Prompt: Print the listing below verbatim, passing over each picture.

Source data:
━━━━
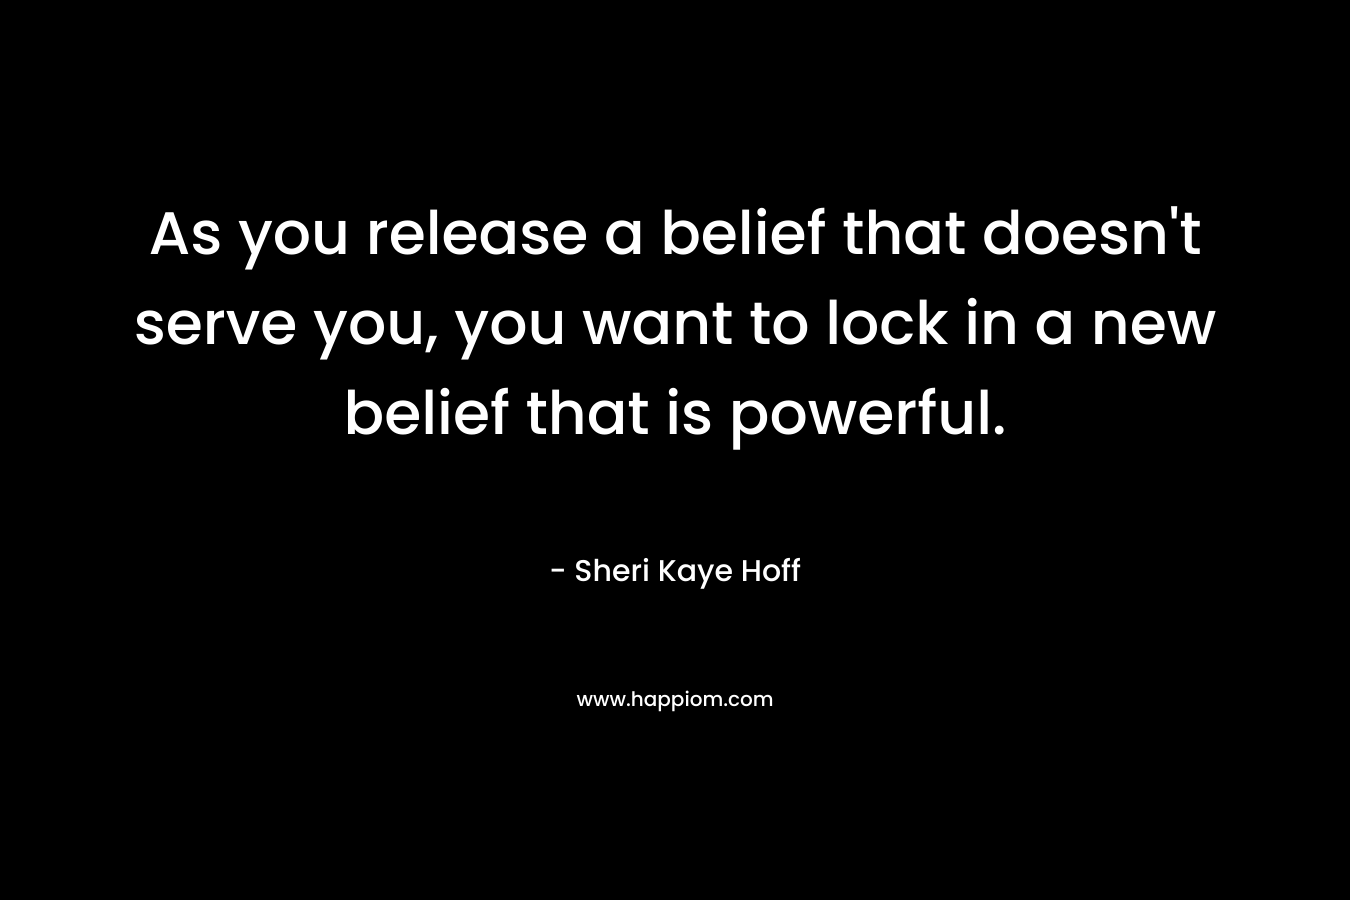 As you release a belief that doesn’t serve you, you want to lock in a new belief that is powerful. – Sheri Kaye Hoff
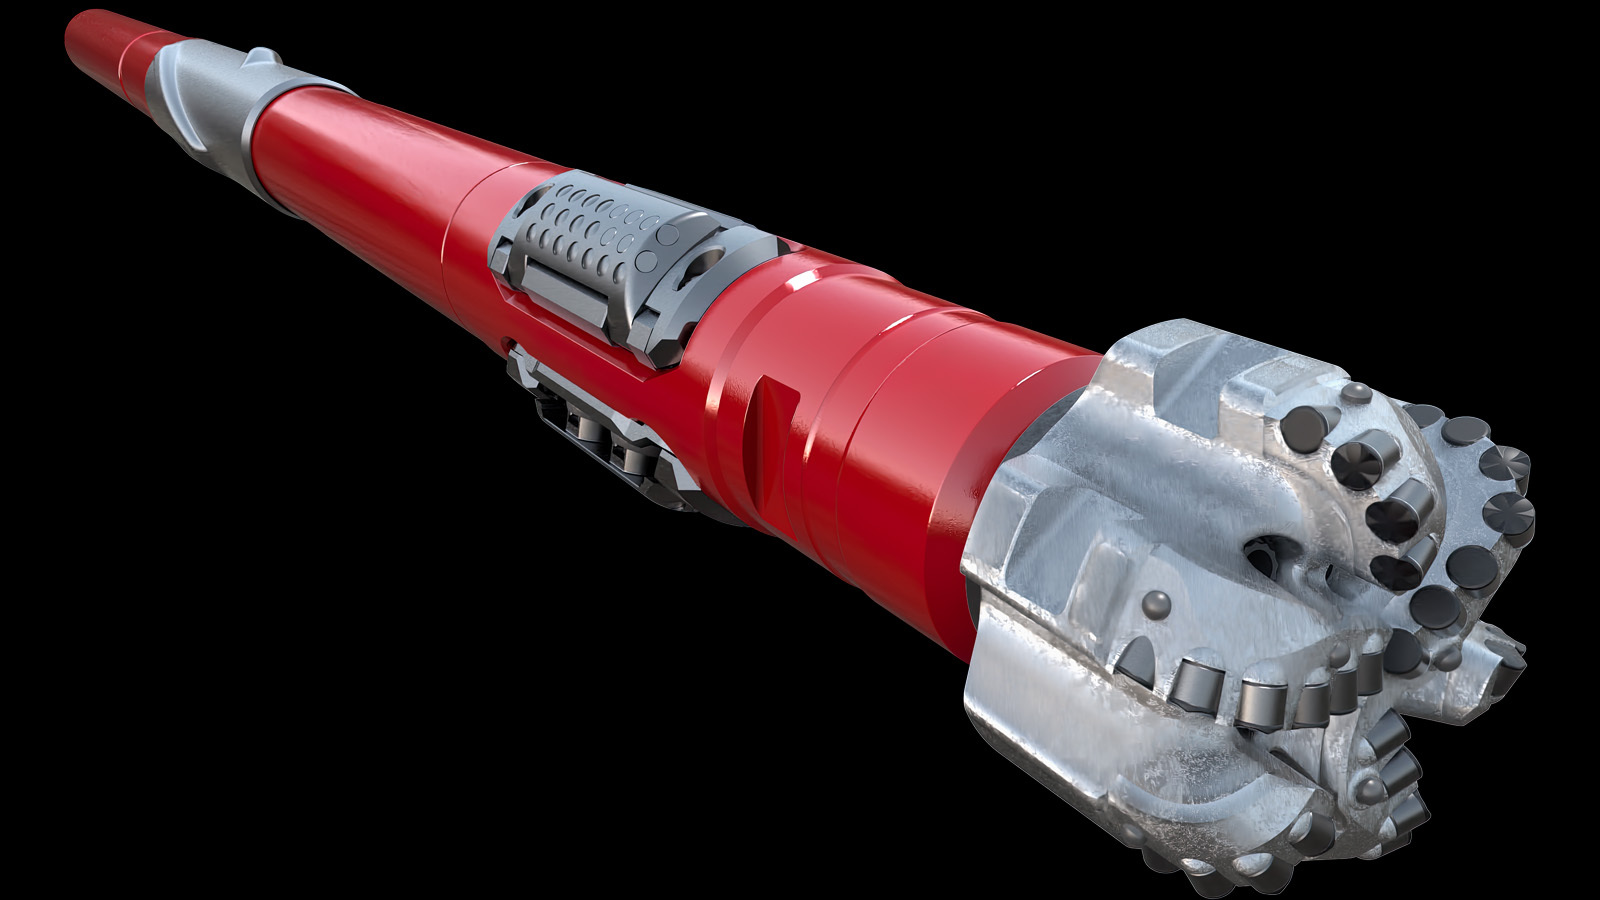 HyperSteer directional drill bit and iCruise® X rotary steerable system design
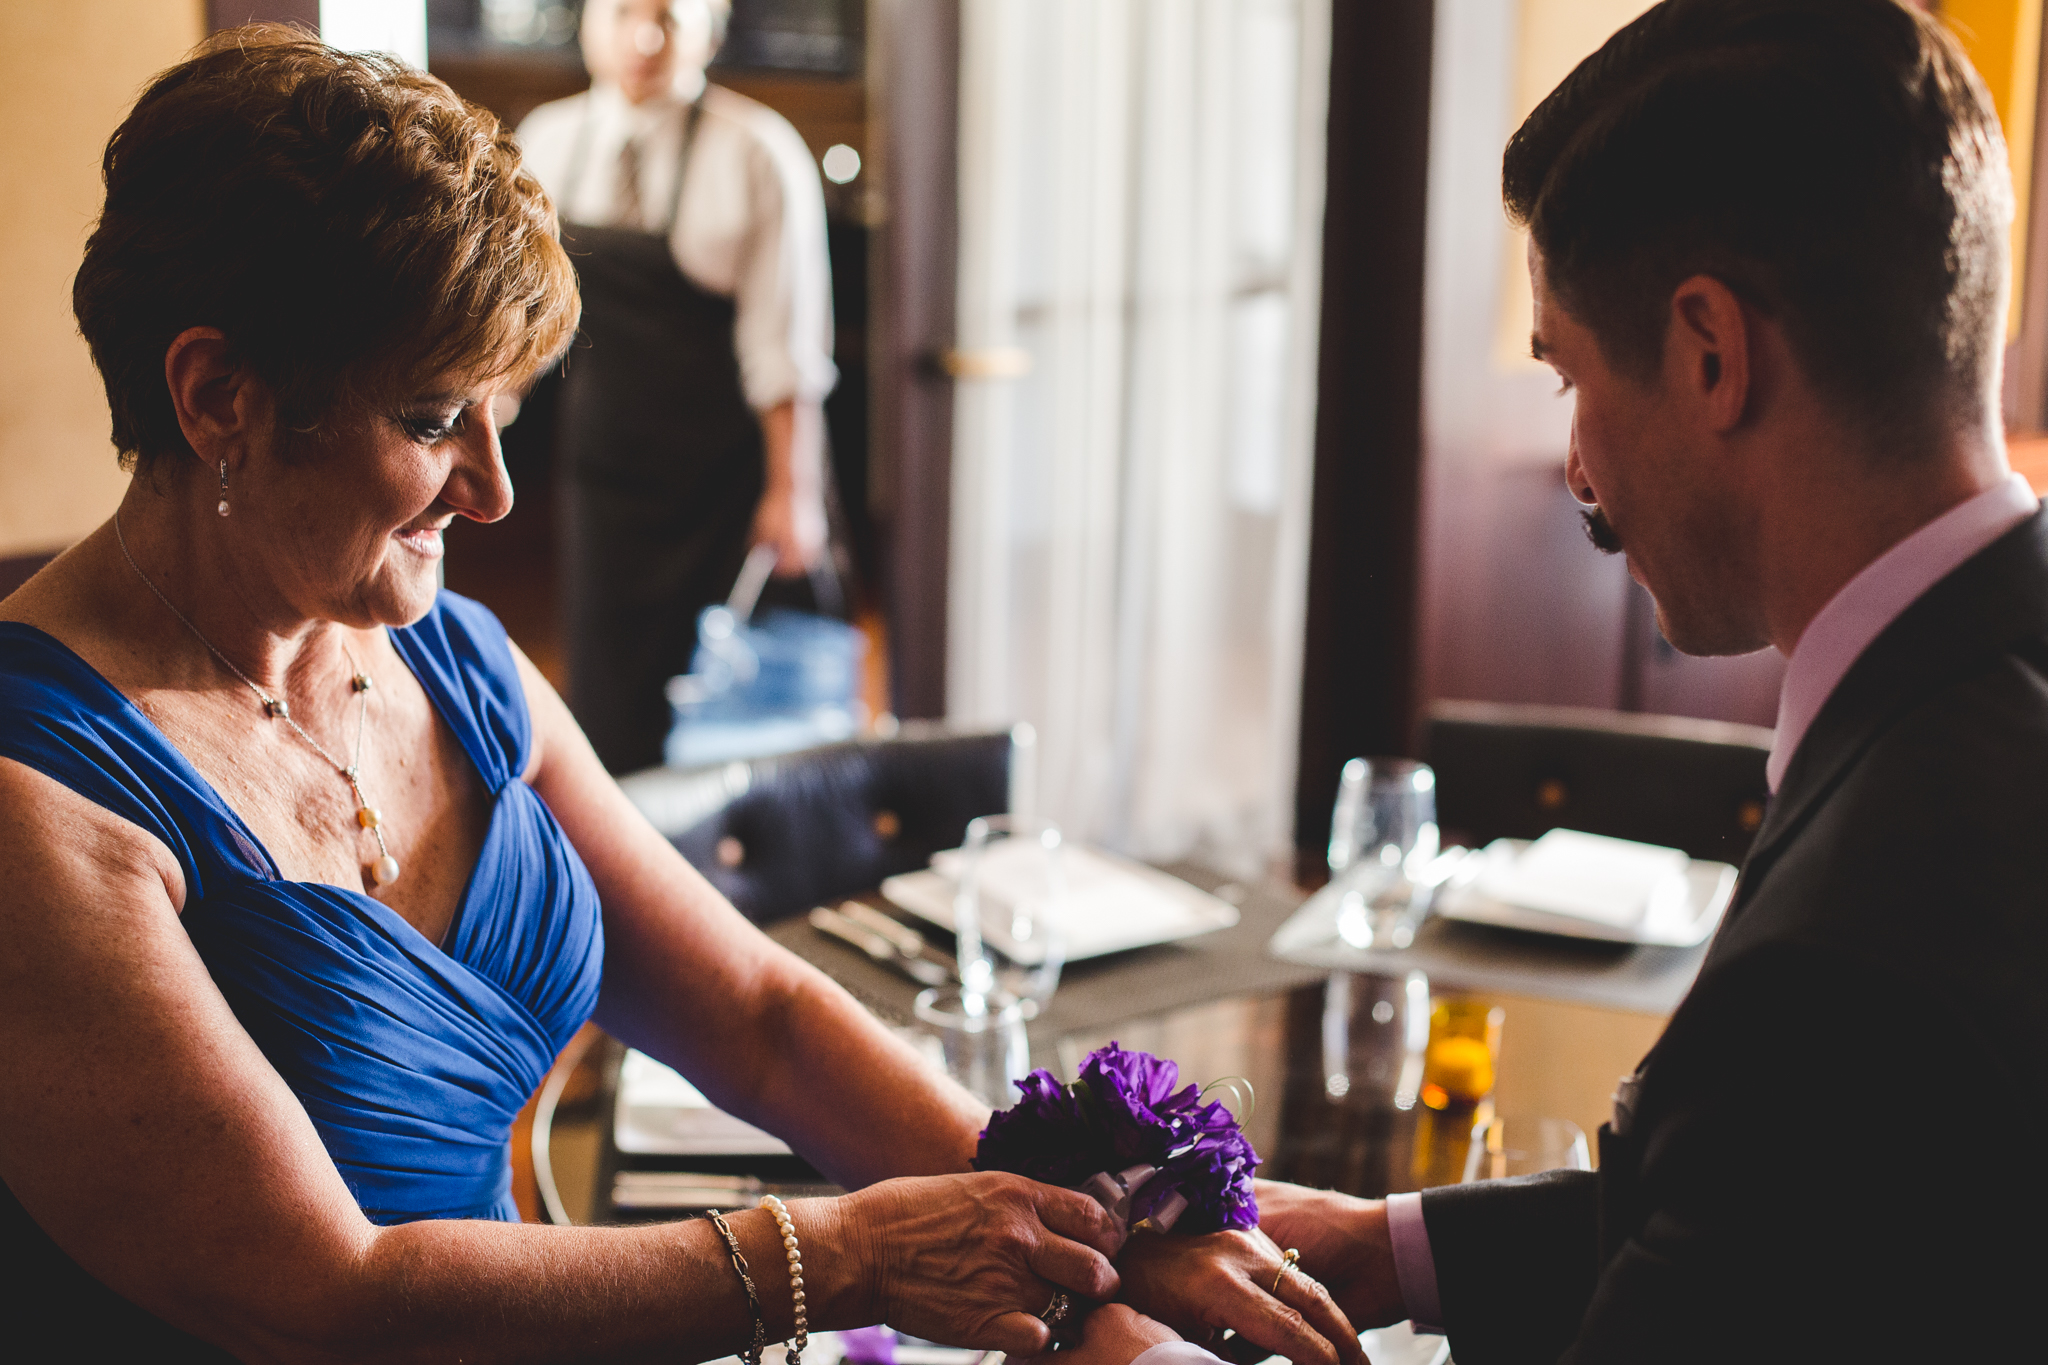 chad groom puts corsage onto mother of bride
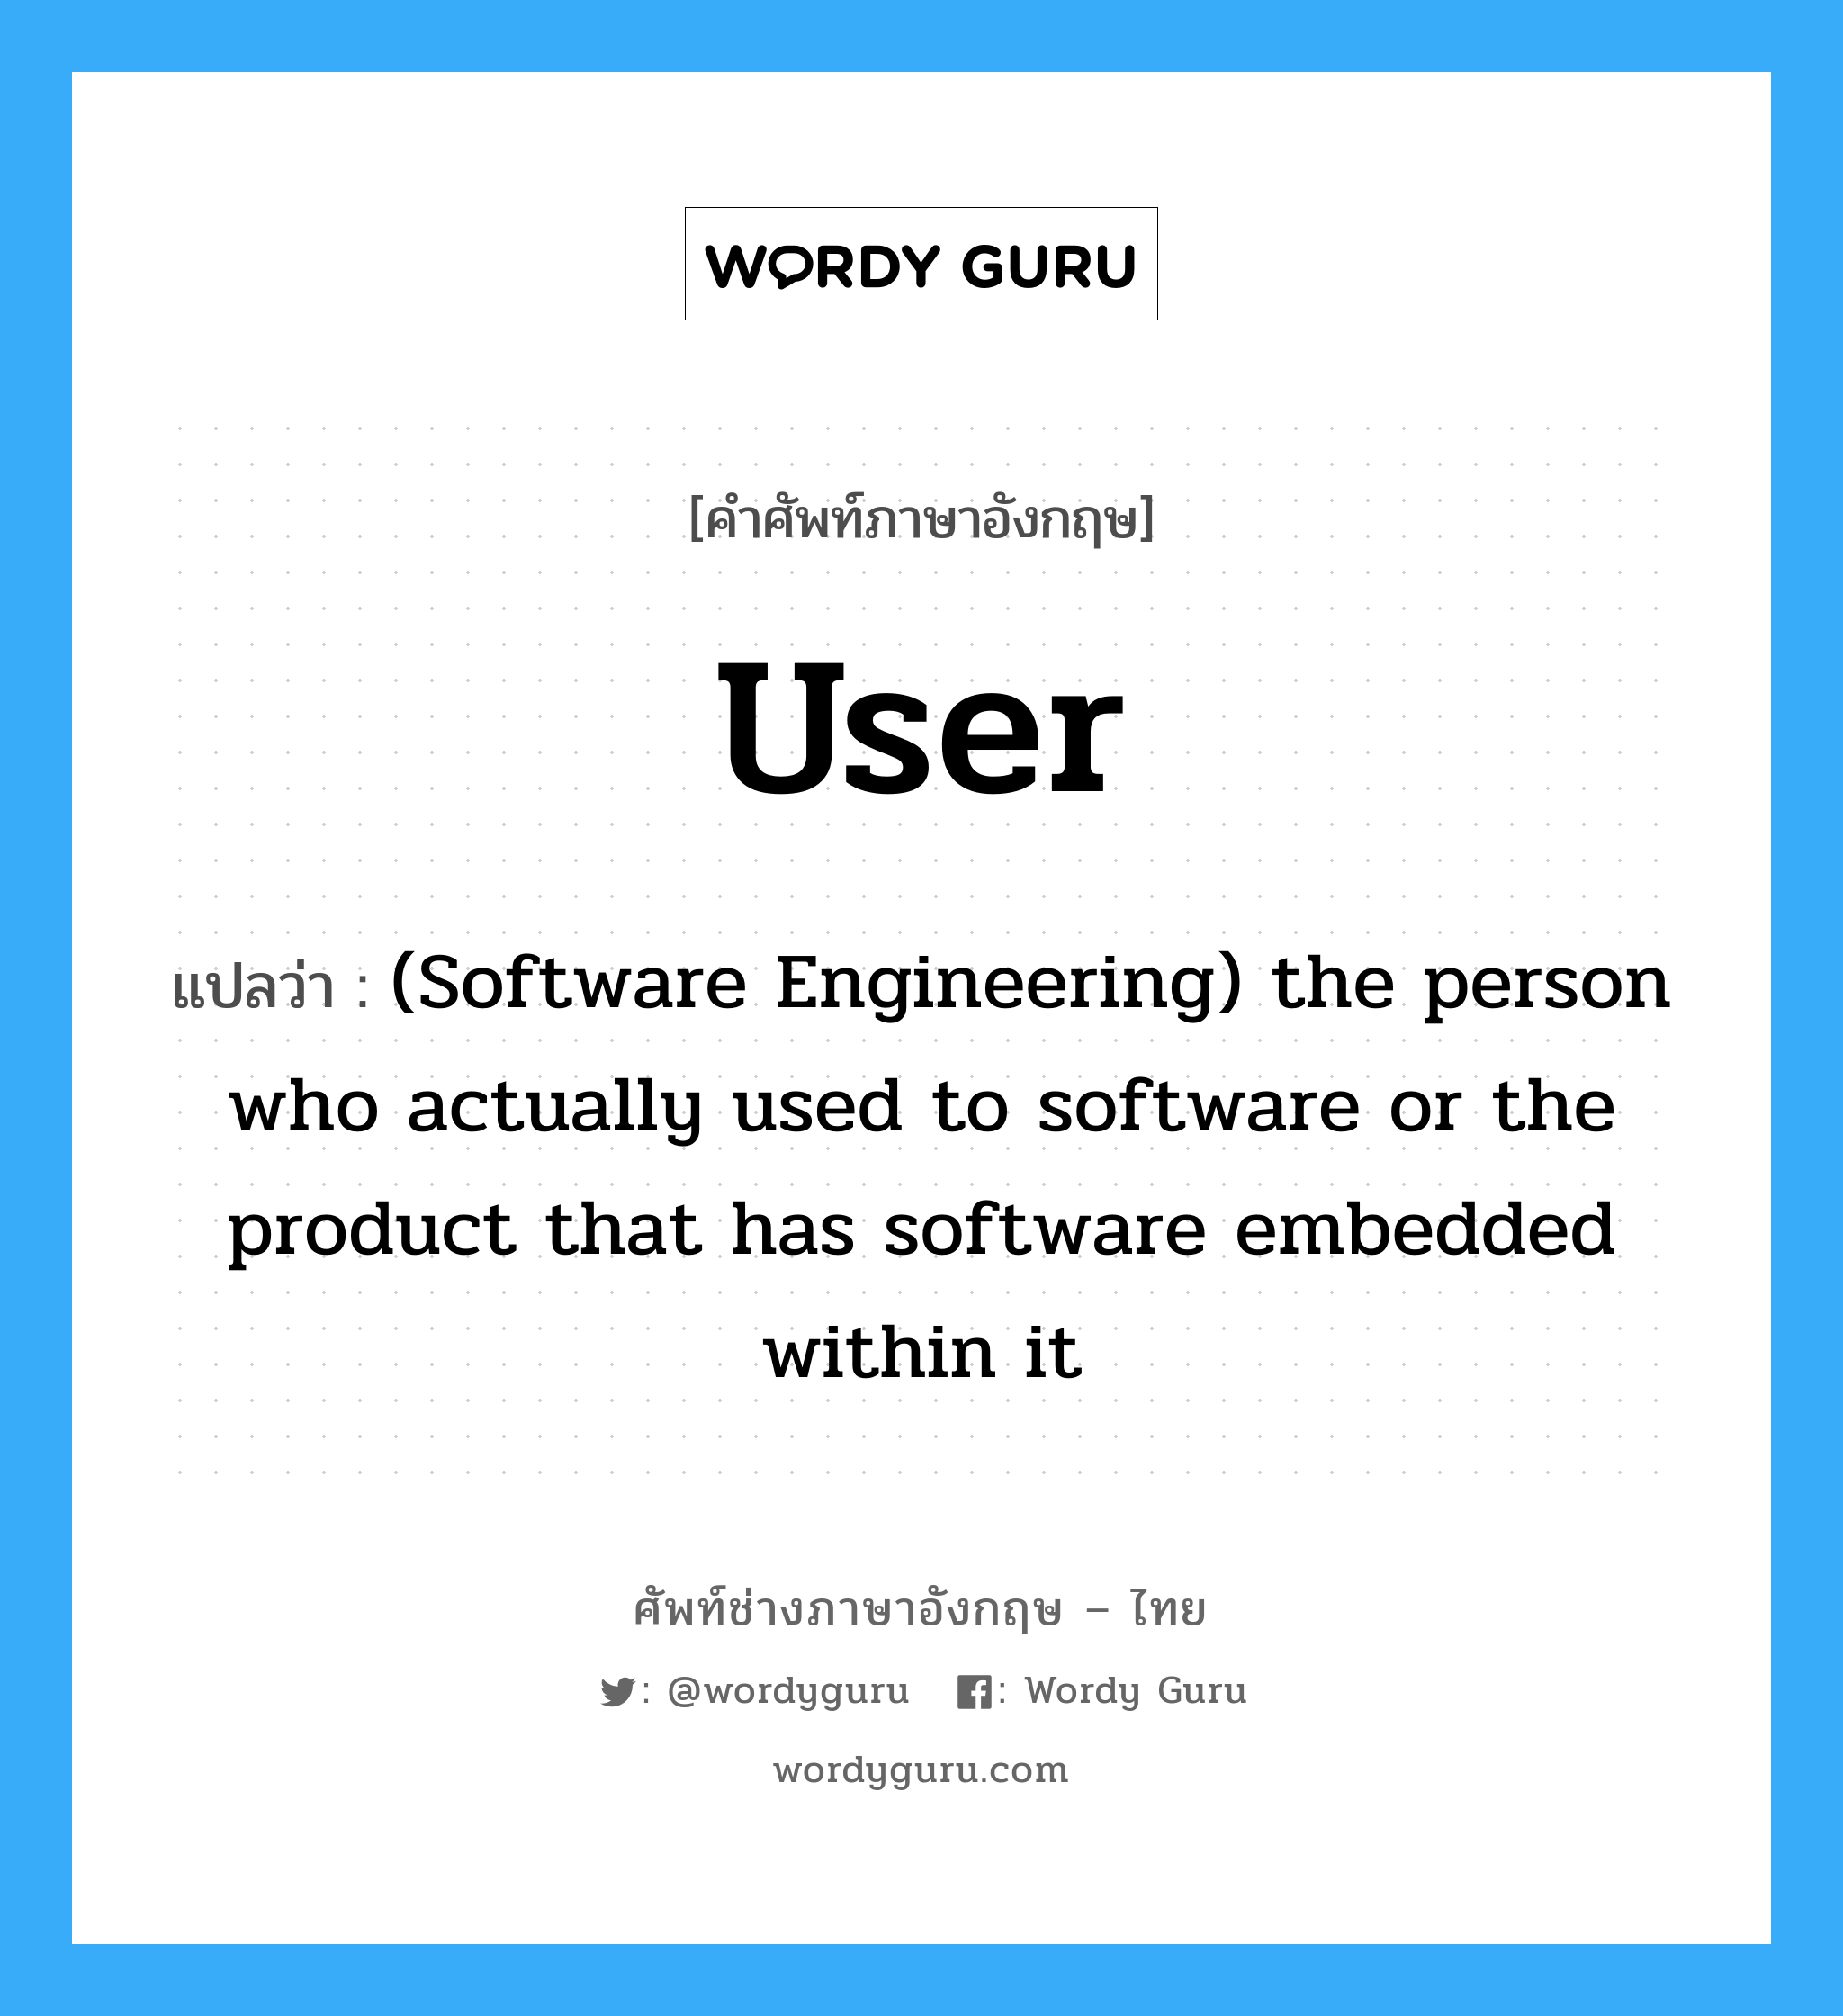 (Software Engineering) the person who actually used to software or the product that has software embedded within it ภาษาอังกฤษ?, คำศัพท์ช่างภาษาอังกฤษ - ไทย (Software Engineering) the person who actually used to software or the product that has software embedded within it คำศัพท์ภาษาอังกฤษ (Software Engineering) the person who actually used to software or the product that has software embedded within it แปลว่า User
━━━━
Answer to this problem:
 As you release a belief that doesn’t serve you, you want to lock in a new belief that is powerful. – Sheri Kaye Hoff
 HyperSteer directional drill bit and iCruise® X rotary steerable system design
 chad groom puts corsage onto mother of bride
 (Software Engineering) the person who actually used to software or the product that has software embedded within it ภาษาอังกฤษ?, คำศัพท์ช่างภาษาอังกฤษ - ไทย (Software Engineering) the person who actually used to software or the product that has software embedded within it คำศัพท์ภาษาอังกฤษ (Software Engineering) the person who actually used to software or the product that has software embedded within it แปลว่า User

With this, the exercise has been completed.